Though the concept was usually held as a monopoly as a “kids'” dream. Today, the treehouse dream is, as a viable notion for a kid’s hideout as it is as an actual residential home for adults and families.

And being as untraditional and unorthodox as the thought is, that is exactly why Residential Treehouses are getting the spotlight on today’s’ episode of weird and wonderful real-estate.

As usual, we’ll begin with the basics…  

What Is A Residential Tree House?

If I asked you to picture a regular treehouse, I think we’d all imagine the same basic structure on a single enclosed room space, elevated and constructed high around a tall and strong tree, accessible through either a ladder or stairway structure. Imagine Bart Simpsons’ treehouse fort.

The traditional treehouse is more a room than a house. A residential treehouse, emphasizes the HOUSE part.

Residential tree houses, aspire to do what traditional residential homes do but built elevated and founded around a tree for support. Specifically, I will say that a residential treehouse must provide the following rooms and purposes:

  1. A bedroom to sleep in.
  2. A kitchen area to cook.
  3. A bathroom for toilet and bathing purposes.
  4. A lounge area for general purposes.
  5. General security and safety from external forces.

At first glance, this might seem like a simple way to classify residential tree houses but as I previously stated and as we’ll likely find as we go through evaluating residential tree houses by that the above criteria; most “residential treehouses” are simply treehouse rooms than anything else.

To give residential tree houses a fairer shot at actually working, I’m going to give the concept more flexibility by saying that the above rooms that make up a house will only need to be constructed around a tree structure than having to be constructed elevated in a tree.

The History Of Residential Tree Houses.

Tarzan, I’m pretty sure it was Tarzan.

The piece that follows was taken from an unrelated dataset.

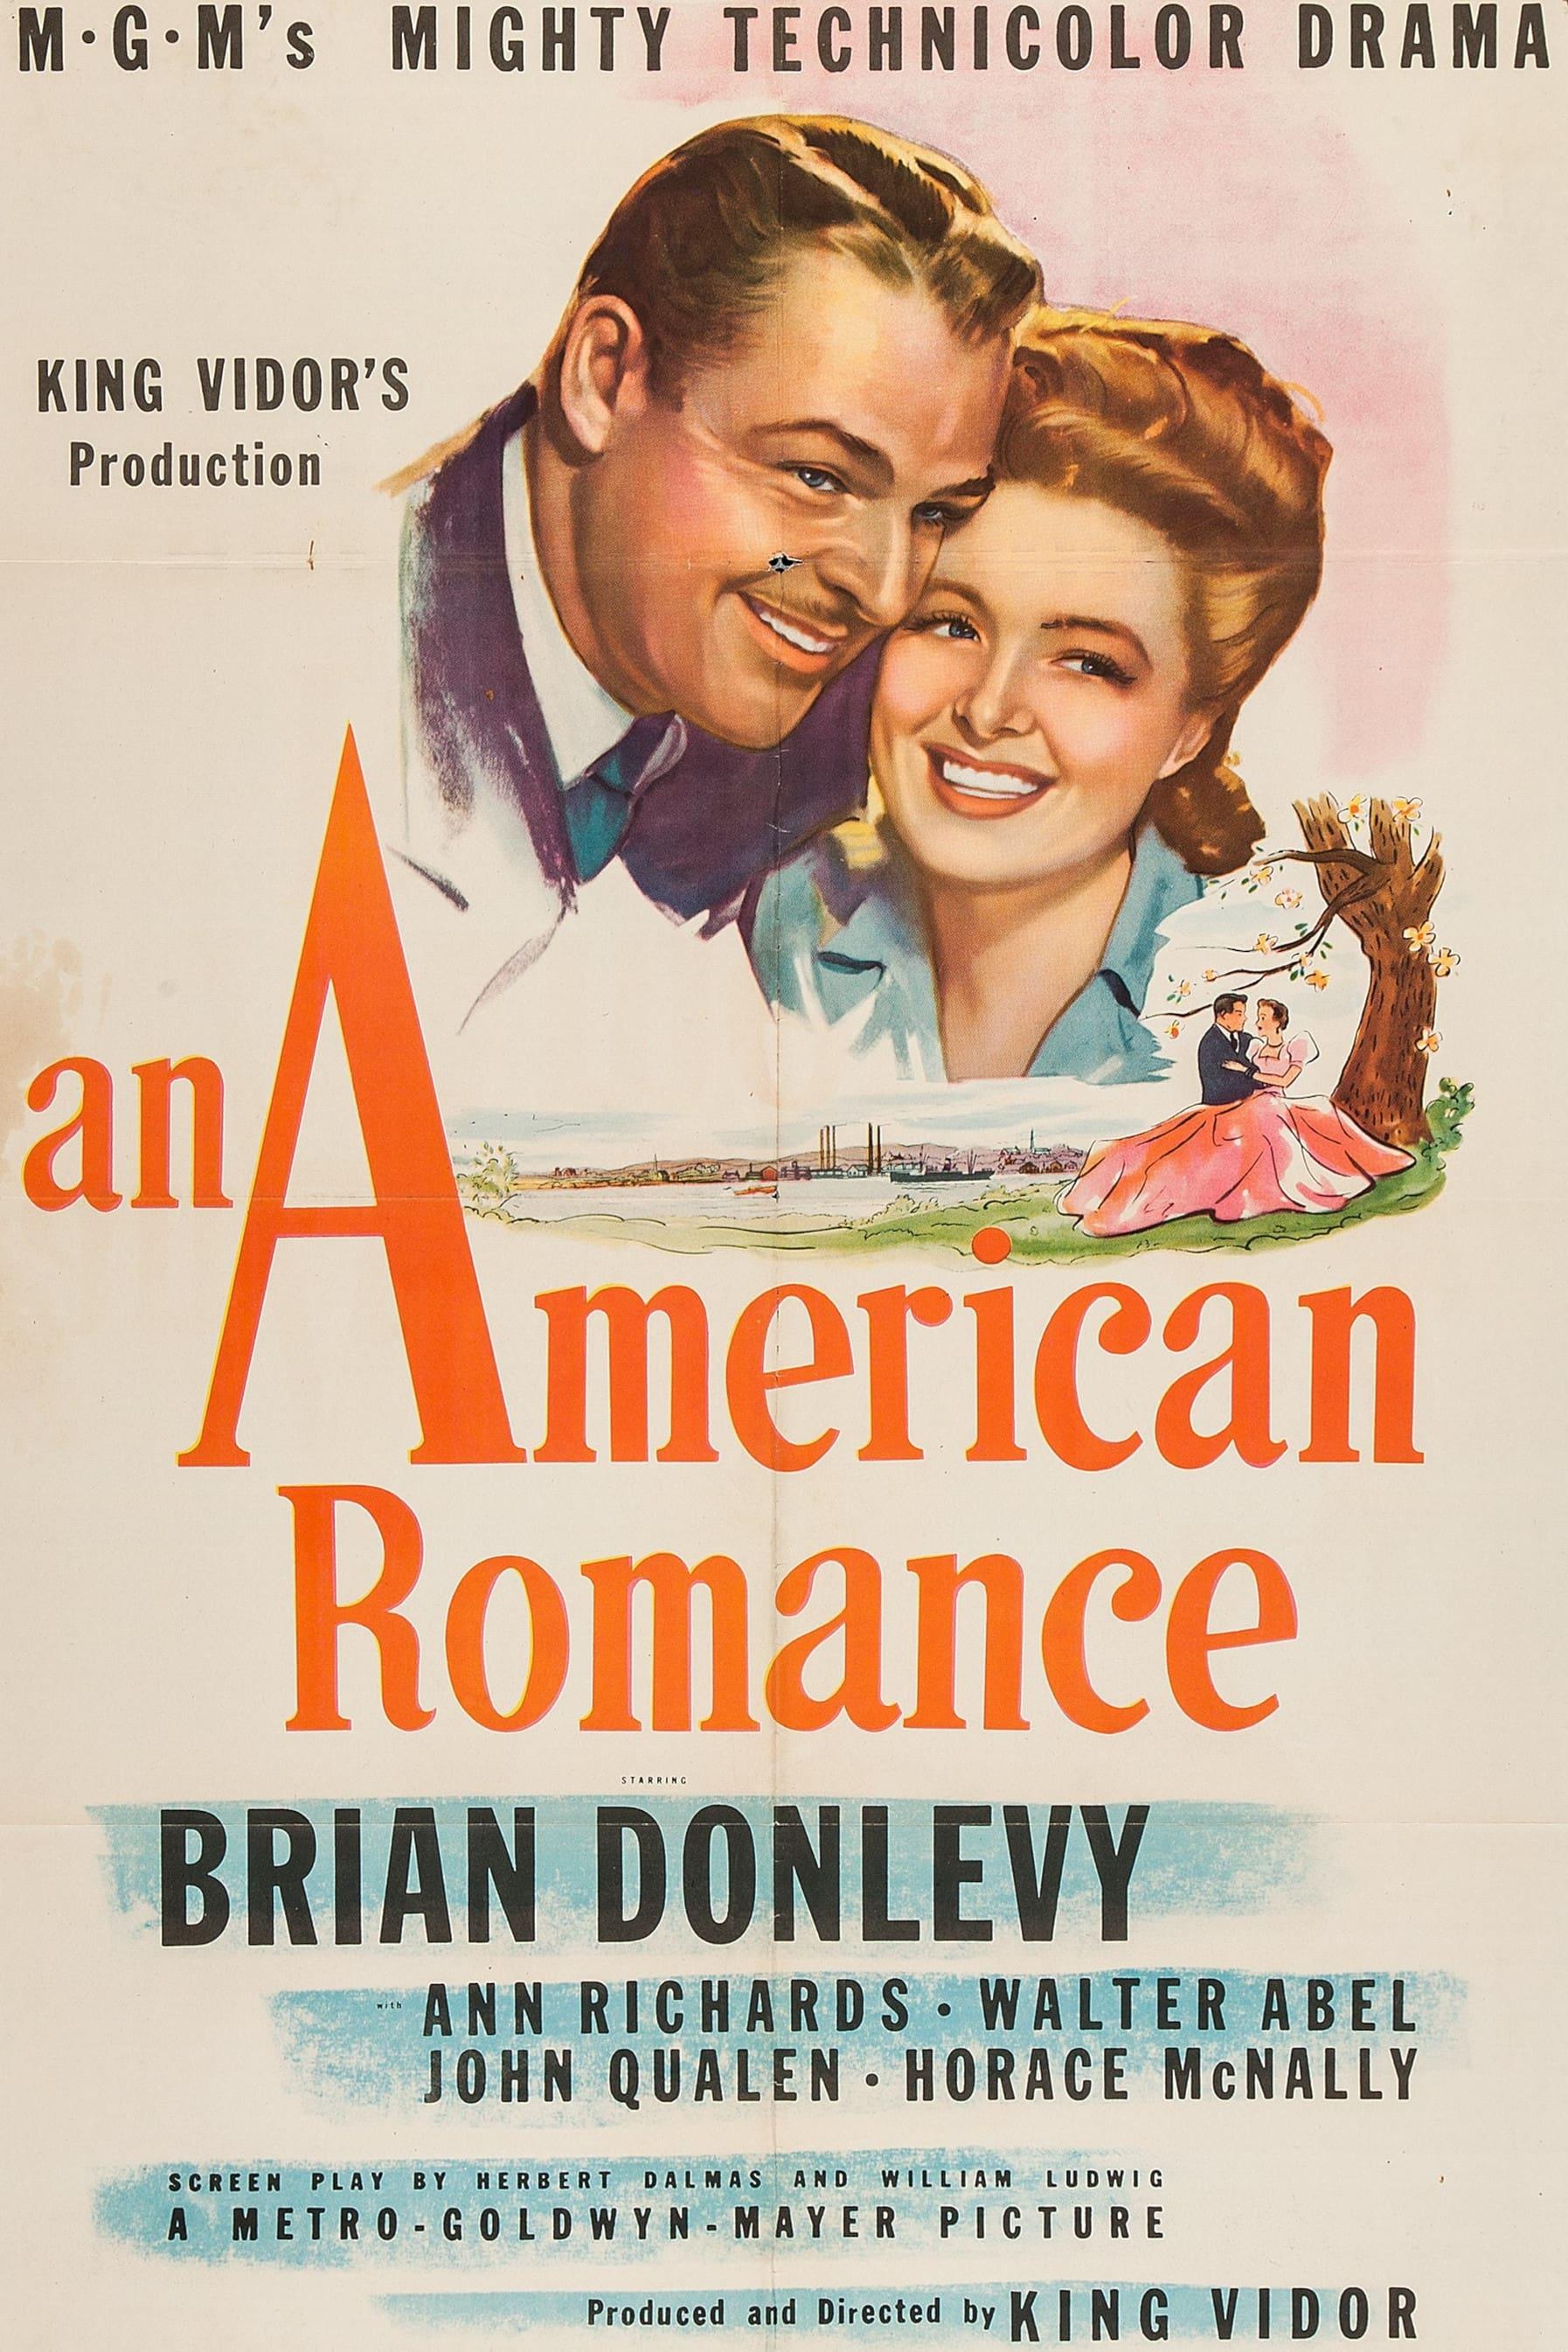 An American Romance poster

This is only half a lie because I am pretty certain that the rise in popularity and by association; the rise in residential treehouse innovation was in part founded by peoples’ desire for freedom to live like the fictional man amongst the apes.

The other half-truth and most likely the far greater foundational truth of the history of residential tree houses would come from the fact that there were and are actual tribes who live this way; in tree houses.

One such tribe, which I won’t say was the originator of the concept of living in the trees though they are most likely the most popular association we have with the idea; it is from the people of the Korowai tribe.

 This not a deep dive on the people of the Korowai but if you want an interesting read about them (after reading this post of course) – you can learn more about them (HERE). For this blog, all you need to know is that they do indeed rely on the concept of “residential treehouses;” per the criteria, I stated above – though at a much less modern level.

Immediately, the Korowai tribe proved that residential treehouses are viable and as I’ll cover below; modern renditions of them are not few and far apart.

How Do Residential Tree Houses Work?

Residential Treehouses live in a space where they are some odd mix of off-grid living and unconventional tiny home living. As such, some of the considerations and expectations for how living in a treehouse would work are a mix of those avenues.

With, of course, their little nuances resulting from living in a tree.

Considerations – What You Should Know About Shipping Container Homes:

  1. Legality – Government and Home Associations.
  2. Foundation and the environment.
  3. Privacy and Security
  4. Construction – Expertise vs DIY.
  5. Basic amenities – furniture, utilities, power, plumbing, water.

1. Legality – Government and Home Associations.

Though treehouse living has been documented as a viable way of living since at least 1974 from the Korowai tribe. It has only recently (the early 2000s) gained momentum as a viable alternative to traditional home living.

And still, it’s more something you’re more likely to see in the not-so-heavily regulated world of living off-the-grid than what how you would expect your average neighborhood homeowner to live in.

As such, most governments and home associations aren’t going to have much active regulation and laws over how constructing and living in a residential treehouse should look like and work like. And what isn’t legally regulated is often problematic – if not restricted.   

Anyone who wants to build a residential treehouse would have to go through the government or go fully off-grid to get it done.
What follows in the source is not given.